Siempre y en todo, la apreciación emocional e irrazonable de los valores pone un signo de más o de menos a la respuesta que se da a la autointerrogación categórica de Kant y hace de ella en definitiva un imperativo o un veto. Por sí sola, la razón puede a lo sumo inventar medios para realizar objetivos determinados de otro modo, y no puede darnos fines ni órdenes. Abandonada a si misma, la razón sería como una computadora a la que no se hubiera dado ninguna información relevante para obtener una respuesta importante. Aunque todas sus operaciones fueran lógicamente válidas, no tendríamos más que un maravilloso sistema de rodajes y rodajes, sin motor que lo hiciera funcionar. La fuerza motriz que lo pondría en marcha procede de mecanismos de comportamiento instintivo mucho más antiguos que la razón y no directamente accesibles a la autoobservación racional. Son ellos la fuente del amor y de la amistad, de todo calor afectivo, de la apreciación de lo bello, de la urgencia de creación artística y de la insaciable curiosidad que ansía el conocimiento científico. En su dinámica, estos estratos del fondo de la personalidad humana no difieren esencialmente de los instintos de los animales; pero sobre esa base ha edificado la cultura humana la ingente superestructura de las normas y los ritos sociales cuya función es tan análoga a la de la ritualización filogenética. Las normas de comportamiento, ya sean producto de la evolución filogenética o de la cultura, representan para cada ser humano normal motivaciones que siente como valores. Unas y otras están entretejidas en un sistema universal inmensamente complicado de acciones recíprocas, cuyo análisis es tanto más difícil cuanto que la mayoría de sus procesos se efectúan en el subconsciente y no son de ningún modo accesibles a la auto observación. Sin embargo, es imperativo que comprendamos la dinámica de ese sistema, porque sólo el conocimiento de la índole de los valores nos permite esperar que algún día aparezcan los nuevos valores y los ideales que tan necesarios son en nuestra actual situación.

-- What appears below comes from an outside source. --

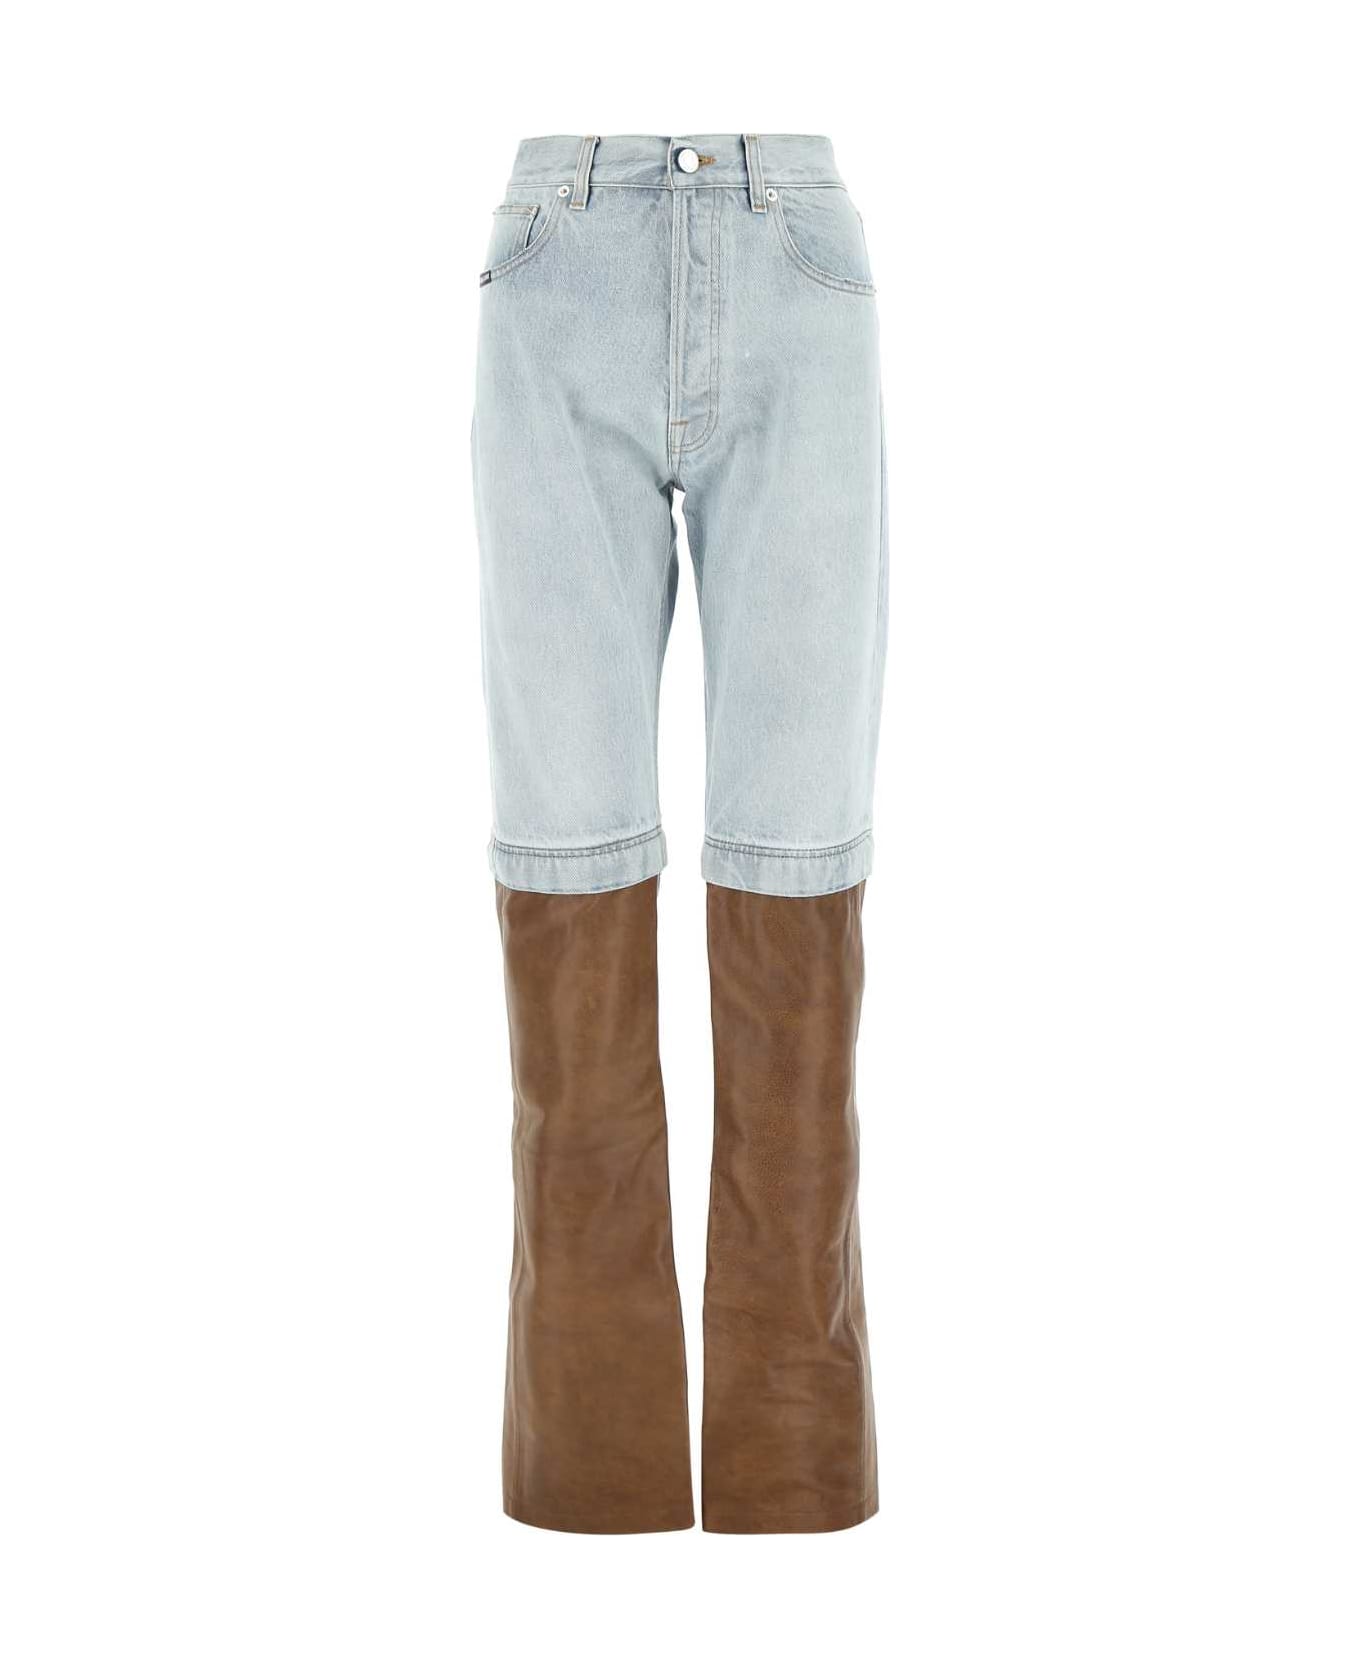 VTMNTS Two-tone Denim And Leather Jeans - BROWNLIGHTBLUE
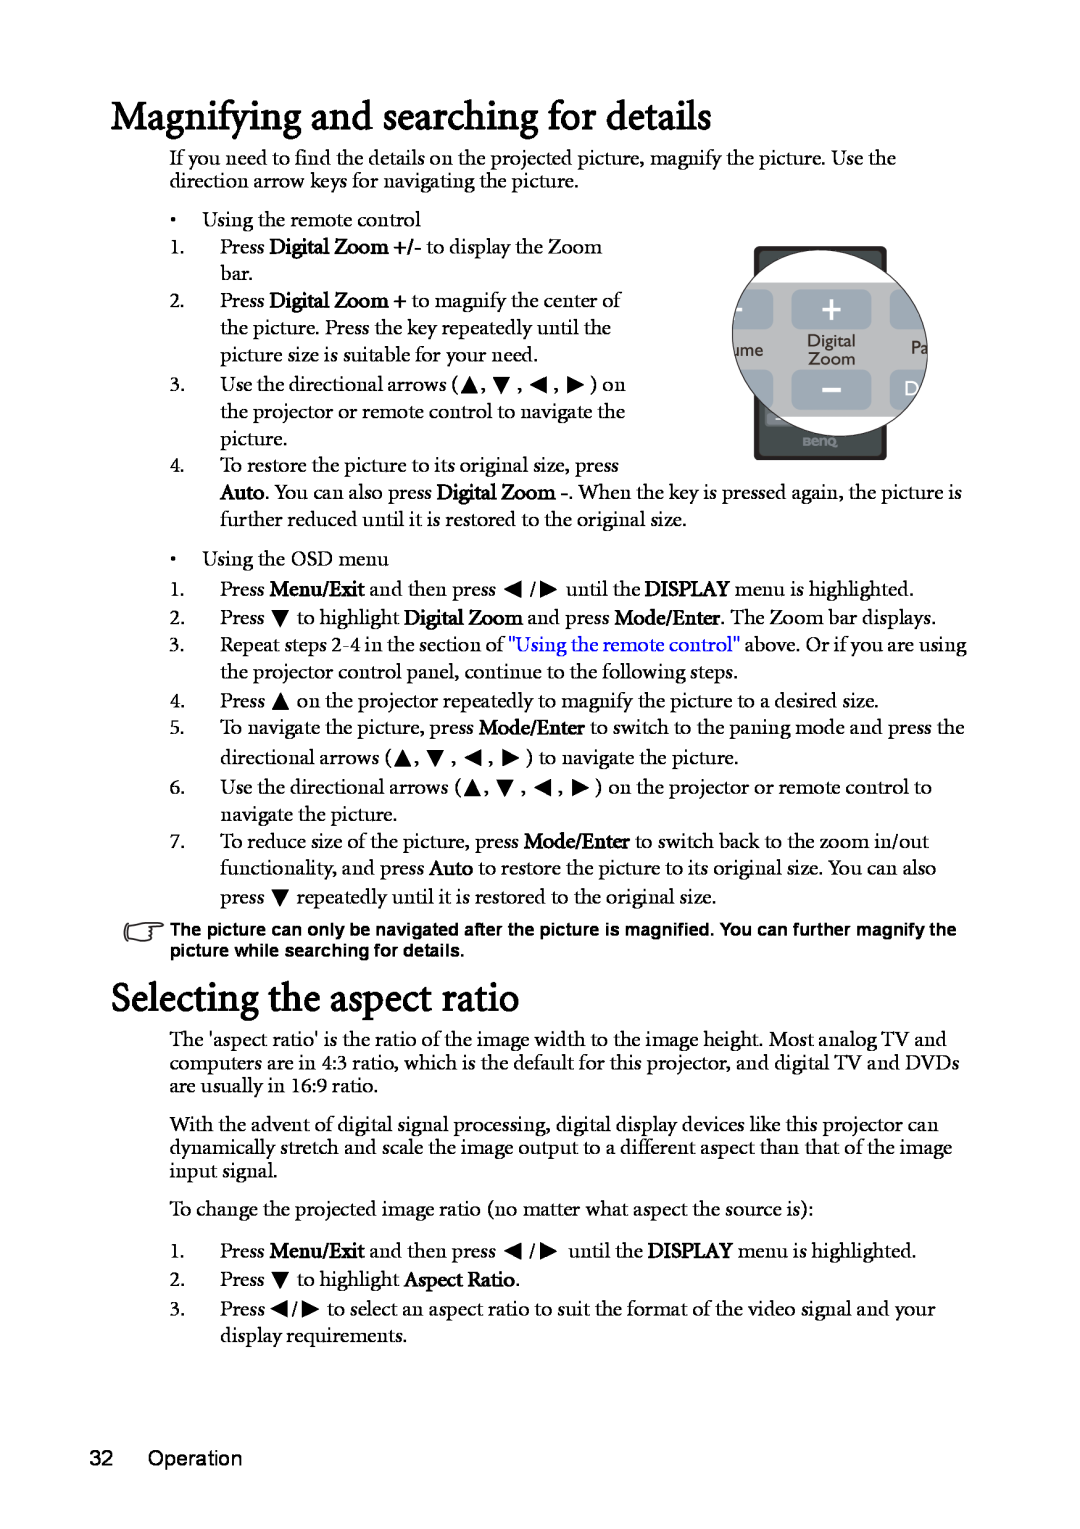 BenQ MX511 user manual Magnifying and searching for details, Selecting the aspect ratio, Operation

¿Qué pudo suceder cuando por primera vez se halló el hombre con un hacha de piedra en la mano? Es muy probable que fuera algo semejante a lo que se observa en niños de dos y aun de tres y más años, a los que ninguna inhibición moral ni instintiva impide tirar fuertemente a la cabeza de otro un objeto pesado que apenas pueden levantar. Es muy probable que el inventor de la primera hacha de piedra dudara tan poco como estos niños en herir con ella a un semejante que provocaba su enojo. Afectivamente, él no sabía nada del terrible efecto que produciría su invención, porque las inhibiciones contra el acto de matar entonces como hoy se limitaban al armamento natural. ¿Quedó confuso al ver al hermano de tribu muerto? Seguramente así sería. La primera función compensadora de la moral responsable, que impidió a los australopitecos destruirse a sí mismos con sus primeros instrumentos de piedra, no hubiera sido posible sin la apreciación instintiva de la vida y la muerte.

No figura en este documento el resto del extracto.